Clear It with Sidney | Hillman Foundation

Clear It With Sidney

The best of the week’s news by Lindsay Beyerstein

Clear It with Sidney

Who's Really Hurting Chicago's Kids

Empty Classroom (EVmaiden <http://www.flickr.com/photos/44551921@N04/6240707542/sizes/n/> , Creative Commons.

Even people who generally consider themselves pro-labor often balk at supporting teachers strikes because, they argue, “teachers strikes hurt kids.” In Dissent, Joanne Barkan casts a critical eye on that simplistic formulation. Chicago’s students are being victimized, she argues, but not by teachers striking for air conditioned classrooms and payment for the extra hours they’ll be asked to work when the schoold day is extended:

Yes, schoolchildren in Chicago are victims, but not of their teachers. They are victims of a nationwide education “reform” movement geared to undermine teachers’ unions and shift public resources into private hands; they are victims of wave after wave of ill-conceived and failing policy “innovations”; they are victims of George Bush’s No Child Left Behind law, which turned inner-city public schools into boot camps for standardized test prep; they are victims of Barack Obama’s Race to the Top program, which paid states to use student test scores—a highly unreliable tool—for teacher evaluations and to lift caps on the number of privately managed charter schools, thus draining resources from public schools. Chicago’s children are victims of “mayoral control,” which allows Rahm Emanuel to run the school system, bully parents and teachers, and appoint a Board of Education dominated by corporate executives and political donors.

 

What If Labor Dies?

In a new article in the American Prospect, Hillman judge Harold Meyerson asks what will happen to America if organized labor continues its long slide into oblivion:

Where are unions in the new economy? Can a union do anything for a temp? A part-timer? A software writer? A barista? Will anyone under 30—will anyone over 30—even notice if unions cease to be?
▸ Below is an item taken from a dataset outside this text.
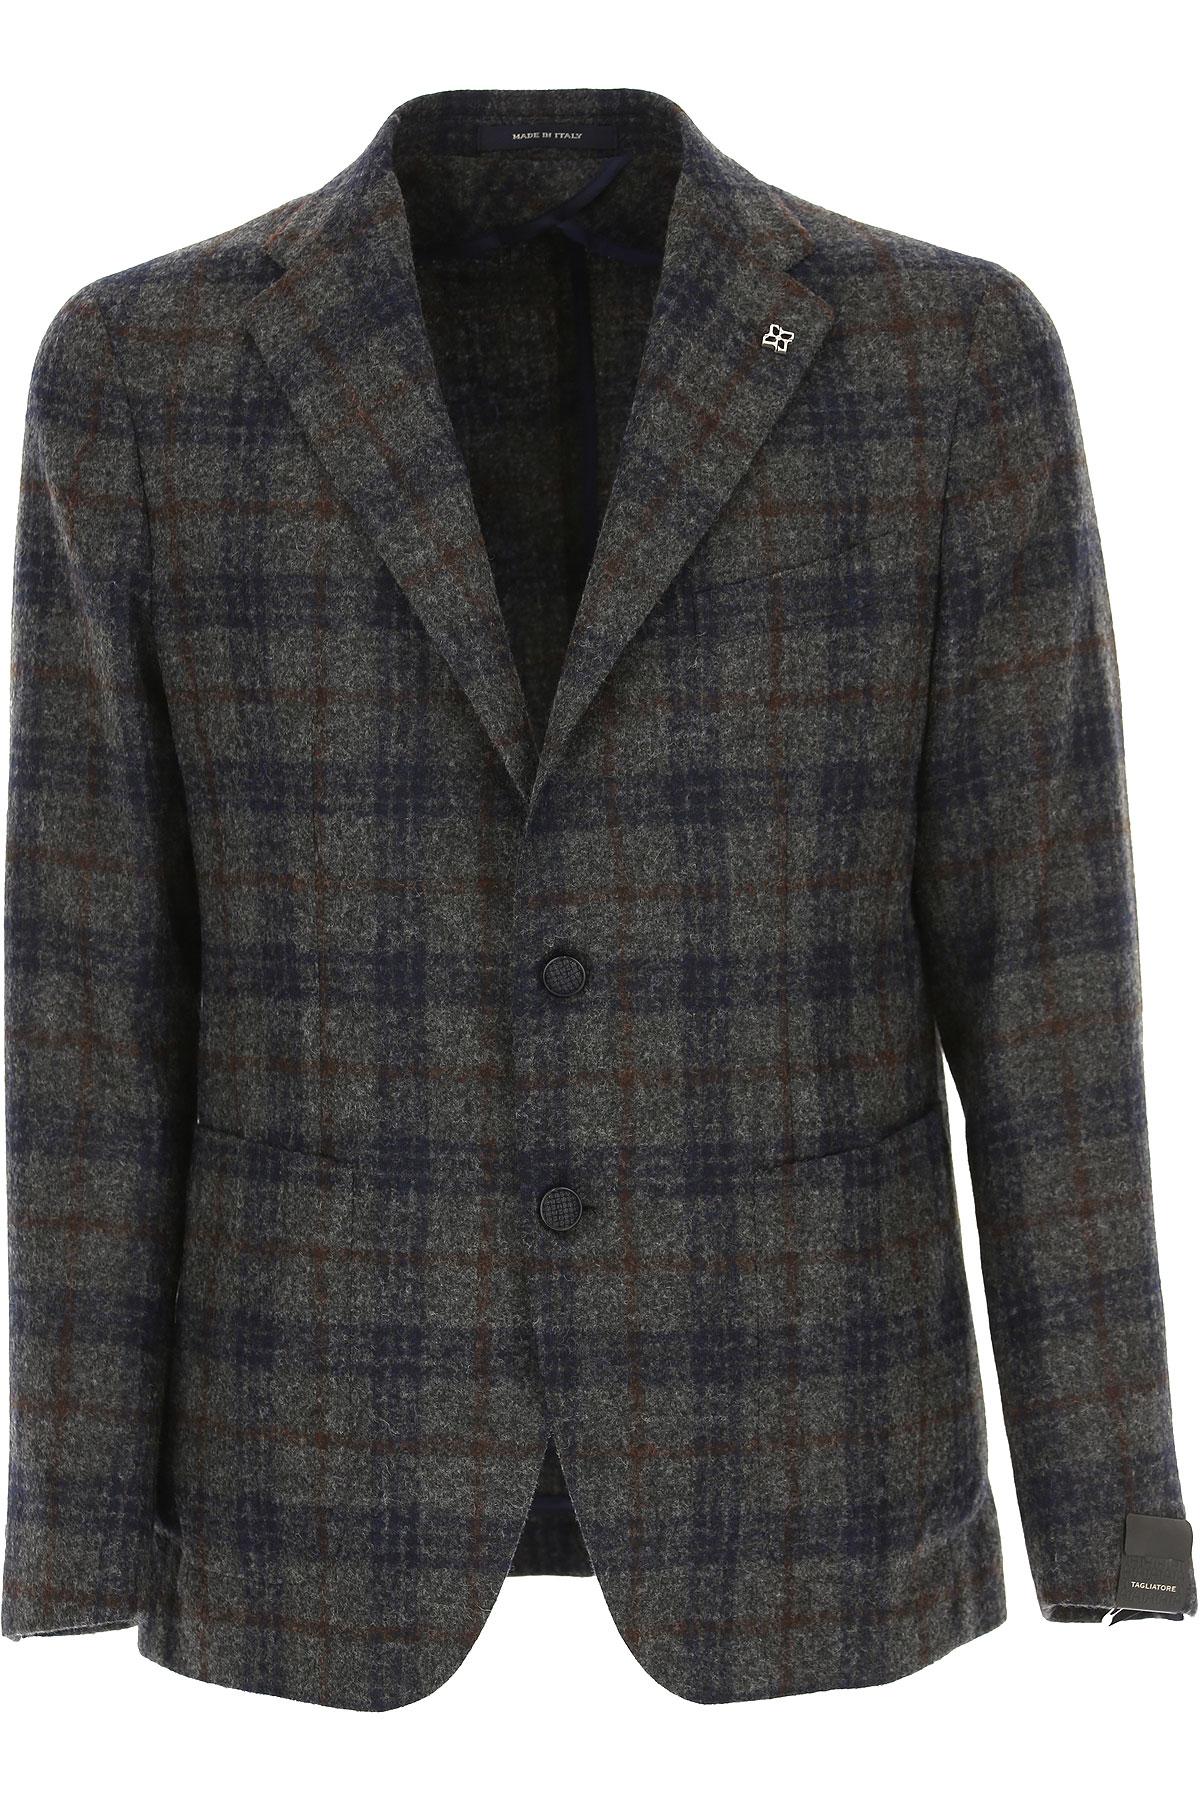 Image of Tagliatore Blazer for Men, Sport Coat, Anthracite, Baby Wool, 2017, L M XL

Perhaps not. But everyone will notice the consequences. Absent a substantial union movement, the American middle class will shrink. Absent a substantial union movement, the concentration of wealth will increase. Absent a substantial union movement, the corporate domination of government will grow.

If labor dies, Americans can look forward to falling wages, rising inequality, and permanent Republican majorities. The only way to stave off this dire outcome, Meyerson argues, is for the rest of the liberal movement to rally behind organized labor in its hour of need.

[Photo credit: Peoplesworld, Creative Commons.]

#Sidney's Picks: Anti-Union Liberals; Bangladeshi Murder Mystery; and the Wal-March

  • Sarah Jaffe of AlterNet calls out five supposedly liberal pundits for bashing the striking Chicago teachers.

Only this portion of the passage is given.